Garnishment-Return of writ not served.

A writ of attachment and garnishment, returned on the day of issue not served upon the principal defendant, cannot bind him.

A garnishee cannot be held on a disclosure that he has nothing except a draft payable to the wife of the principal defendant.

Argument on the merits cannot be made on a motion for a re-hearing, but only on the re-hearing itself, if granted.

Re-taxation of costs cannot be urged on a motion for a modification of the judgment.

Error to Wayne. Submitted Oct. 28. Decided Nov. 10.

ATTACHMENT. Defendant brings error.

Rienzi Loud, for plaintiff in error.

James H. Pound, for defendant in error.

Reversed.

CAMPBELL, J. Raths sued out an attachment and garnishee process against John Kraft as debtor and Frederick. Kraft as garnishee, on June 27, 1879, returnable July 7, 1879. The officer having the writ served it on the garnishee and returned it not found as to the principal defendant on the day of its issue.

On the return day the garnishee appeared, but the principal defendant did not. Mr. Loud appeared as an attorney and moved to quash the proceedings for the illegality of the return. This was overruled. The garnishee's answer showed that he had nothing in his hands, except a draft payable to the order of defendant's wife, and which, therefore, belonged to her in law and could be collected only on her order.

After the motion to quash was decided and an adjournment had been made, the justice allowed the officer to change his return ex parte and without any showing, by dating it July 2d, and averring he had not been able to find defend

ant, and had served a copy of the writ on the 27th of June on the garnishee.

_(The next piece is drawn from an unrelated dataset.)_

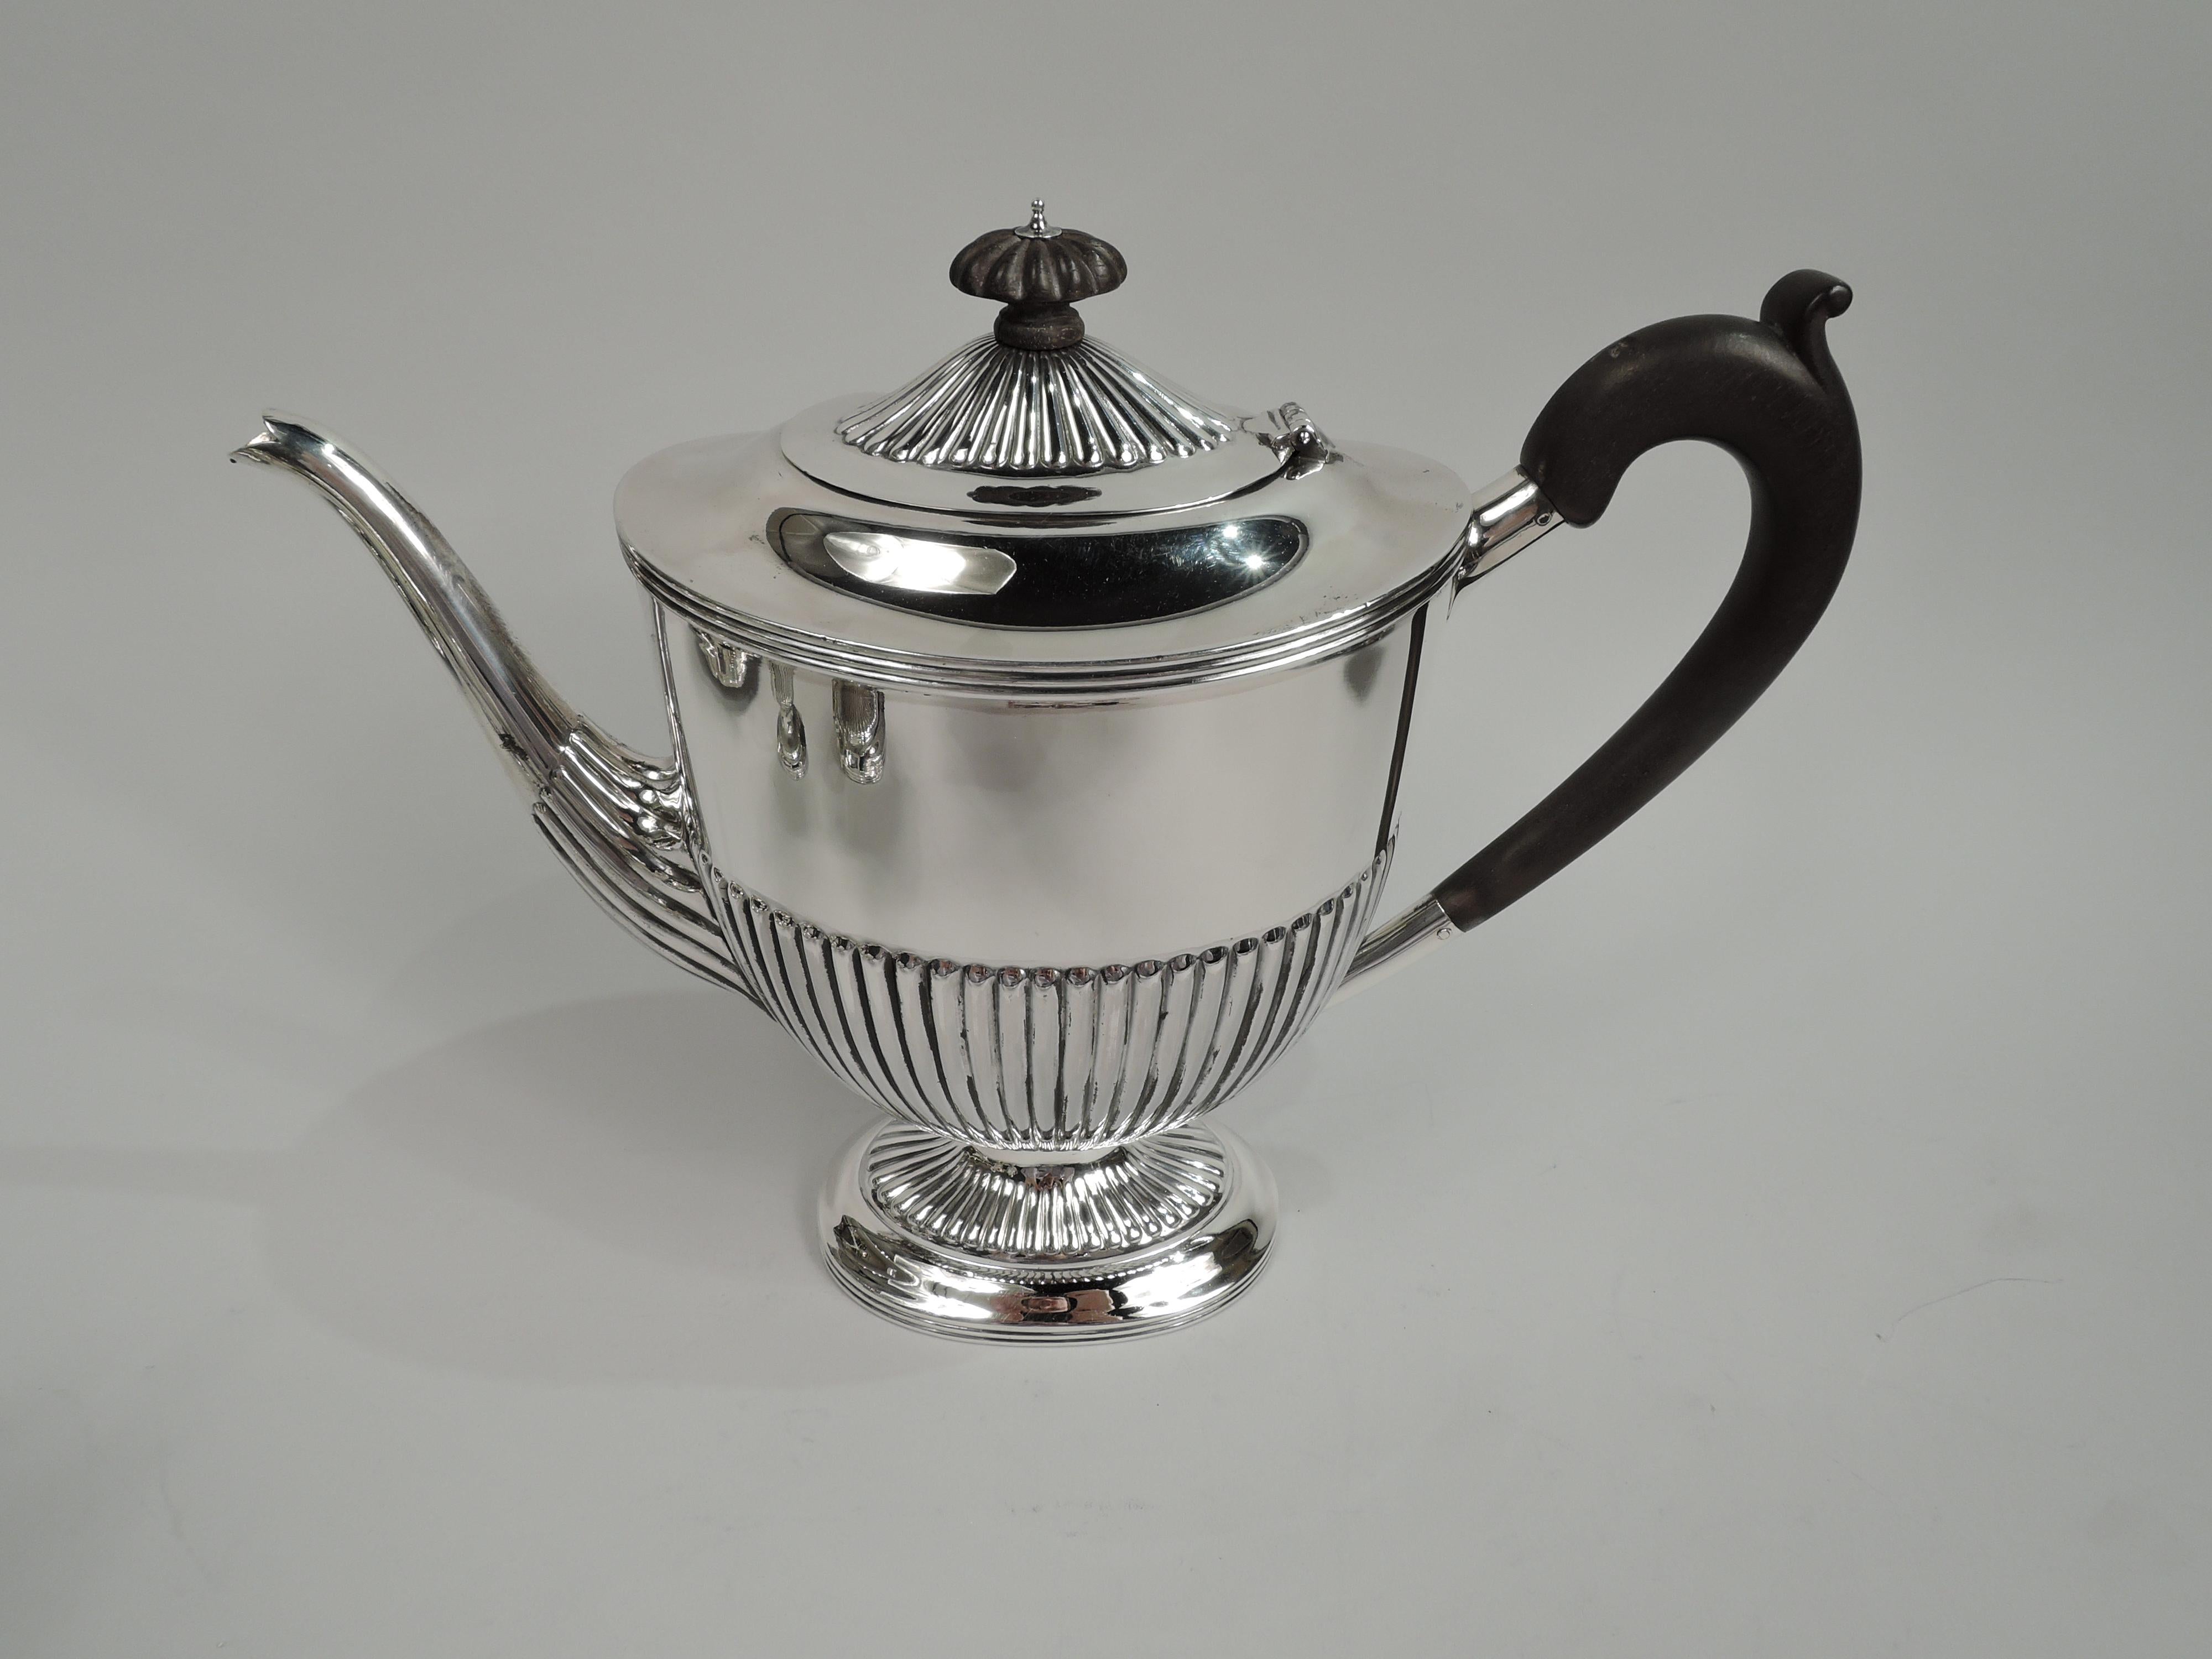 Neoclassical Revival Gorham Victorian Neoclassical Sterling Silver 3-Piece Coffee Set

Judgment was thereafter rendered on the adjourned day, plaintiff proving his account, and the justice as he returns basing his judgment on the garnishee's disclosure.

The return is somewhat ambiguous on several matters, but we have no doubt the justice treated it as a case of attachment not personally served. No plea was ever put in, and the motions made and denied would have been senseless if there had been any appearance by the principal defendant.

As the writ was actually returned into the hands of the justice on the day of the issue, and never left his custody, the amended return even if good on its face-which it was not-could not have been allowed to give jurisdiction. There is no pretense that a writ returned not served as soon as issued, can be of any validity to bind a party. Withington v. Southworth 26 Mich. 381; Nicolls v. Lawrence 30 Mich. 395. Neither was the garnishee's disclosure evidence that any liability existed in him on which a responsibility could attach. The circuit court so held.

The proceedings were void and should have been vacated. The judgment of the circuit court affirming the principal judgment must be reversed with costs of both courts.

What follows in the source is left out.